And the two friends departed to Bazarov's room, where he had already succeeded in creating a medical-surgical atmosphere which consorted well with the smell of cheap tobacco.


VIII

At his brother's interview with the steward (the latter was a tall, thin man of shifty eyes who to every remark of Nikolai's replied in an unctuous, mellifluous voice: "Very well, if so it please you") Paul Petrovitch did not long remain present. Recently the system of estate-management had been reorganised on a new footing, and was creaking as loudly as an ungreased cartwheel or furniture which has been fashioned of unseasoned wood. For the same reason, though never actually giving way to melancholy, Nikolai Petrovitch often indulged in moodiness and sighing, for the reason that it was clear that his affairs would never prosper without money, and that the bulk of the latter had disappeared. As for Arkady's statement that frequently Paul Petrovitch had come to his brother's assistance, it had been perfectly true, for on more than one occasion had Paul been moved by the sight of his brother's perplexity to walk slowly to the window, to plunge a hand into his pocket, to mutter, "Mais je puis vous donner de l'argent," and, lastly, to suit the action to the word.
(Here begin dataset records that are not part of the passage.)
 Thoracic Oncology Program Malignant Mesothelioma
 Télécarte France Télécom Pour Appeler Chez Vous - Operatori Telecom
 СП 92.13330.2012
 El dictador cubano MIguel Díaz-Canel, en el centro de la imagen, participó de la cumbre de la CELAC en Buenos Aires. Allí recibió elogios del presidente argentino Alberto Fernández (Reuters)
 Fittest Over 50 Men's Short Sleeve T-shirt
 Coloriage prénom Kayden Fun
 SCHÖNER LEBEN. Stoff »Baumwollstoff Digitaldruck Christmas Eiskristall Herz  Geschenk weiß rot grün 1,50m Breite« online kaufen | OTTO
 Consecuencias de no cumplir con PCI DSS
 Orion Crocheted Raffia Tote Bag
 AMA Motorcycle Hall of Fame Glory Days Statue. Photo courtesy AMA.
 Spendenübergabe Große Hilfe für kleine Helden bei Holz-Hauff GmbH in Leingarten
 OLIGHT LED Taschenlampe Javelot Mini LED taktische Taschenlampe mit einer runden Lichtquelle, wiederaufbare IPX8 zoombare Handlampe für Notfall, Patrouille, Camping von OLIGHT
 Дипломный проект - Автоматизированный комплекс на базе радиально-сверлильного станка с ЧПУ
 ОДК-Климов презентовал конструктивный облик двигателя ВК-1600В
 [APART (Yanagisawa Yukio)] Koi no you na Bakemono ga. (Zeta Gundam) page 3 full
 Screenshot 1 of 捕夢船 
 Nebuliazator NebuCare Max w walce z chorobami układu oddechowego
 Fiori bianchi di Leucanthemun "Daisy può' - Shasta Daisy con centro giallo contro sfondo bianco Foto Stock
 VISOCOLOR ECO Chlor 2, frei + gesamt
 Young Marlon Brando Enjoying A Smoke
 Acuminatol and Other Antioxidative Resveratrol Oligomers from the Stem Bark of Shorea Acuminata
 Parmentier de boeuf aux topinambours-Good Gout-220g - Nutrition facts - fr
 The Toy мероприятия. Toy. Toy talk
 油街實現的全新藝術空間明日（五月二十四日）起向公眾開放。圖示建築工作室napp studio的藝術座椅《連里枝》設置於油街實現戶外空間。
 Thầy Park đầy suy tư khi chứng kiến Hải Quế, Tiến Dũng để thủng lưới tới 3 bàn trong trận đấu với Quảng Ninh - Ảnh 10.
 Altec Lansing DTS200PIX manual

But on the day of which we are speaking Paul had no spare cash himself; wherefore he preferred to remove himself elsewhere, and the more so in that the minutiæ of estate-management wearied him, and that he felt certain that, though powerless to suggest a better way of doing business than the present one, he knew at least that Nikolai's was at fault.

"He is not sufficiently practical," would be his reflection. "He lets these fellows cheat him right and left."

On the other hand, Nikolai had a high opinion of Paul's practicality, and always sought his advice.

"I am a weak, easy-going fellow," he would say, "and have spent the whole of my life in retirement; whereas you cannot have lived in the world for nothing—you know it well, and have the eye of an eagle."

To this Paul Petrovitch would make no reply: he would merely turn away without attempting to undeceive his brother.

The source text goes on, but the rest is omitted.